(MATERIAL FOR THIS TASK):

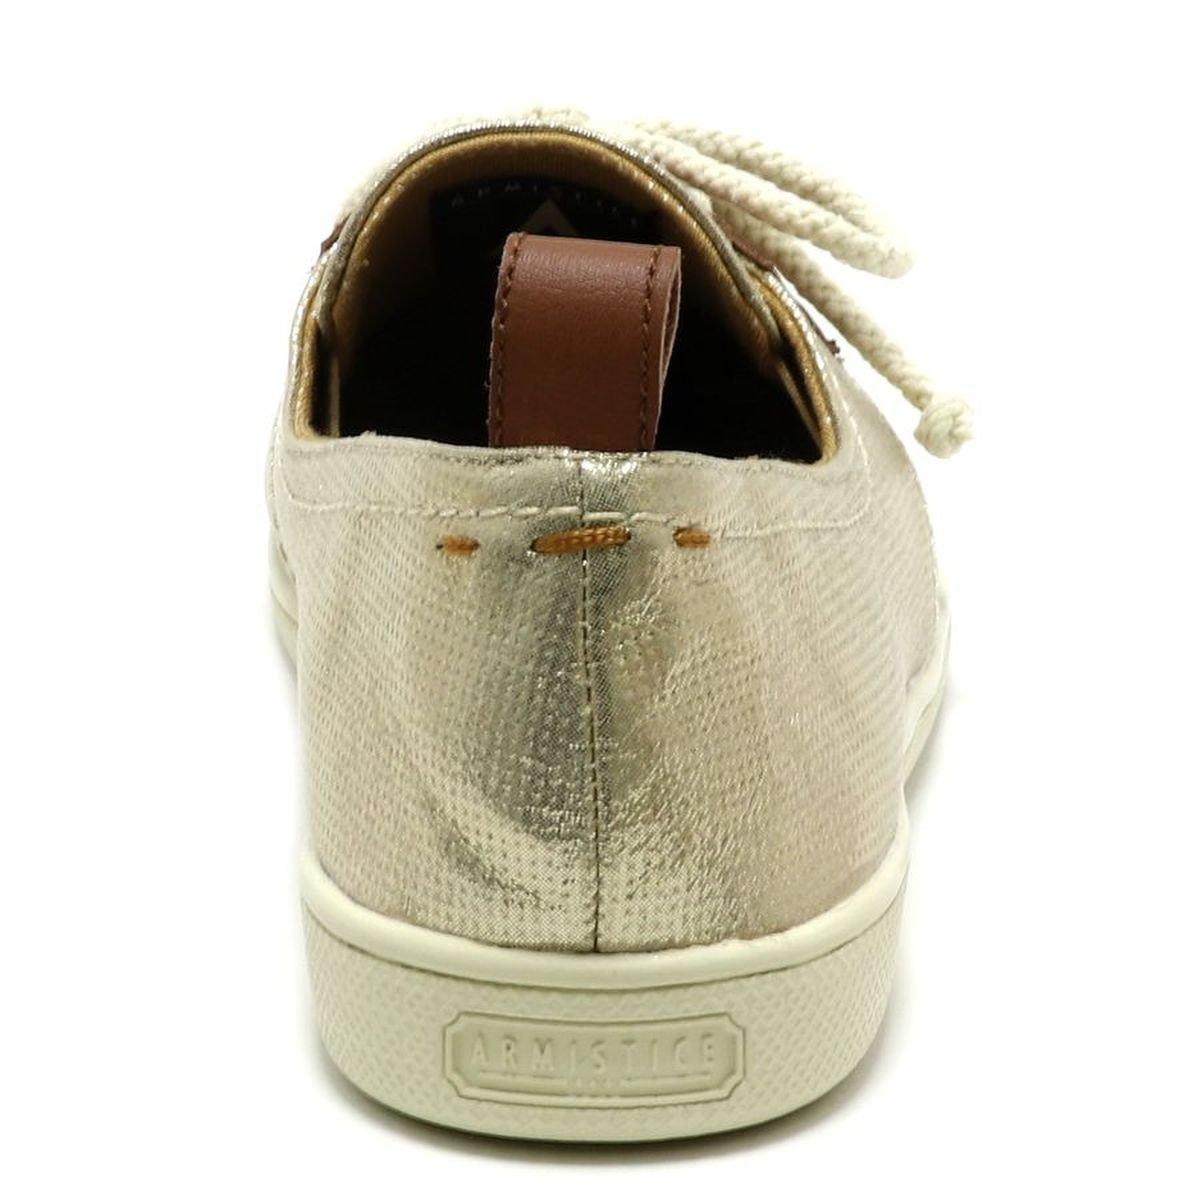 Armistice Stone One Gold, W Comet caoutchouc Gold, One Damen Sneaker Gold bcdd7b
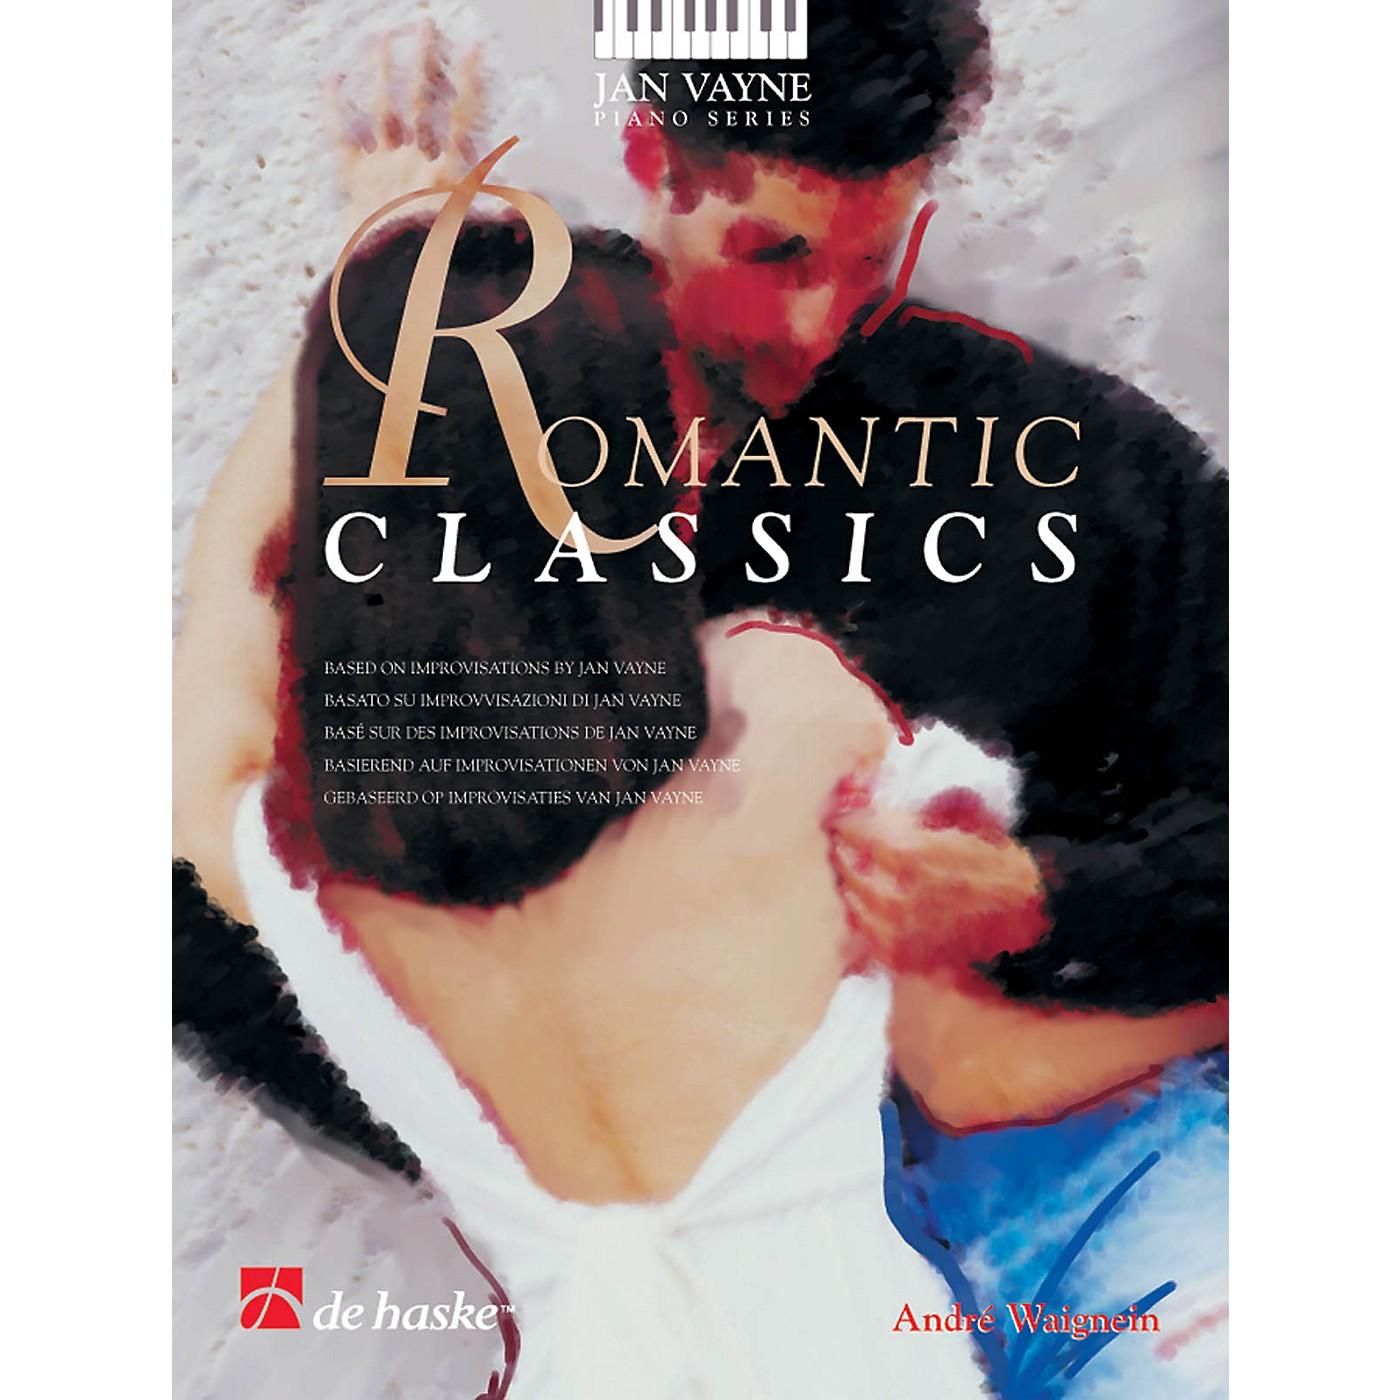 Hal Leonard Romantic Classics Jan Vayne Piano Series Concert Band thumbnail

==

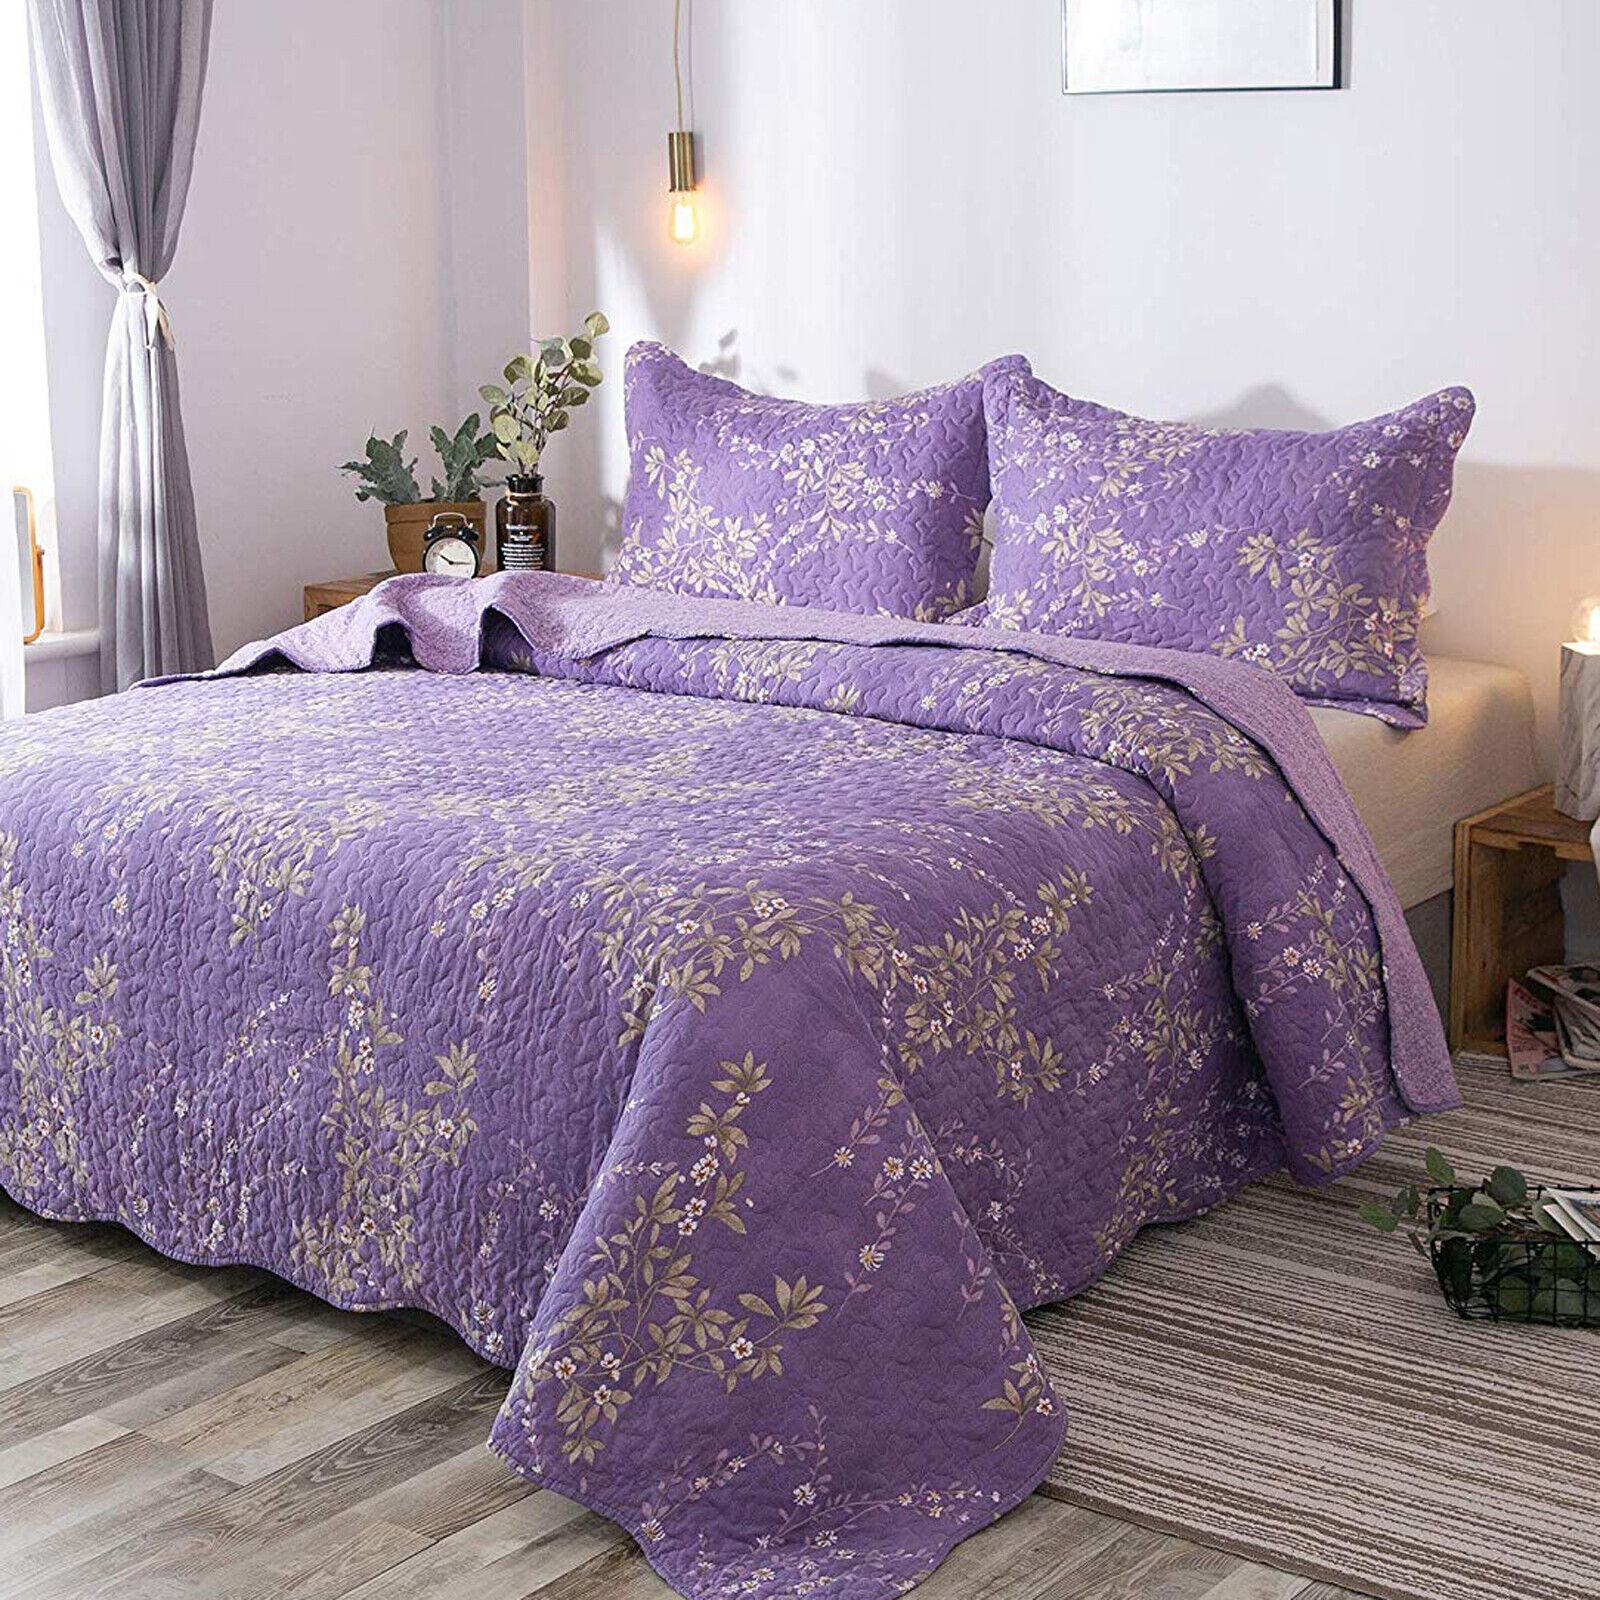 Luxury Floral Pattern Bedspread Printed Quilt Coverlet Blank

(EXERCISE DETAILS):
Would you give again, exactly, the lines in the data above that run from the line containing "Armistice Stone One" to the line containing "Hal Leonard Romantic"? Include both ends and no pictures.

(OUTPUT OF THE EXERCISE):
 Armistice Stone One Gold, W Comet caoutchouc Gold, One Damen Sneaker Gold bcdd7b
 Hal Leonard Romantic Classics Jan Vayne Piano Series Concert Band thumbnail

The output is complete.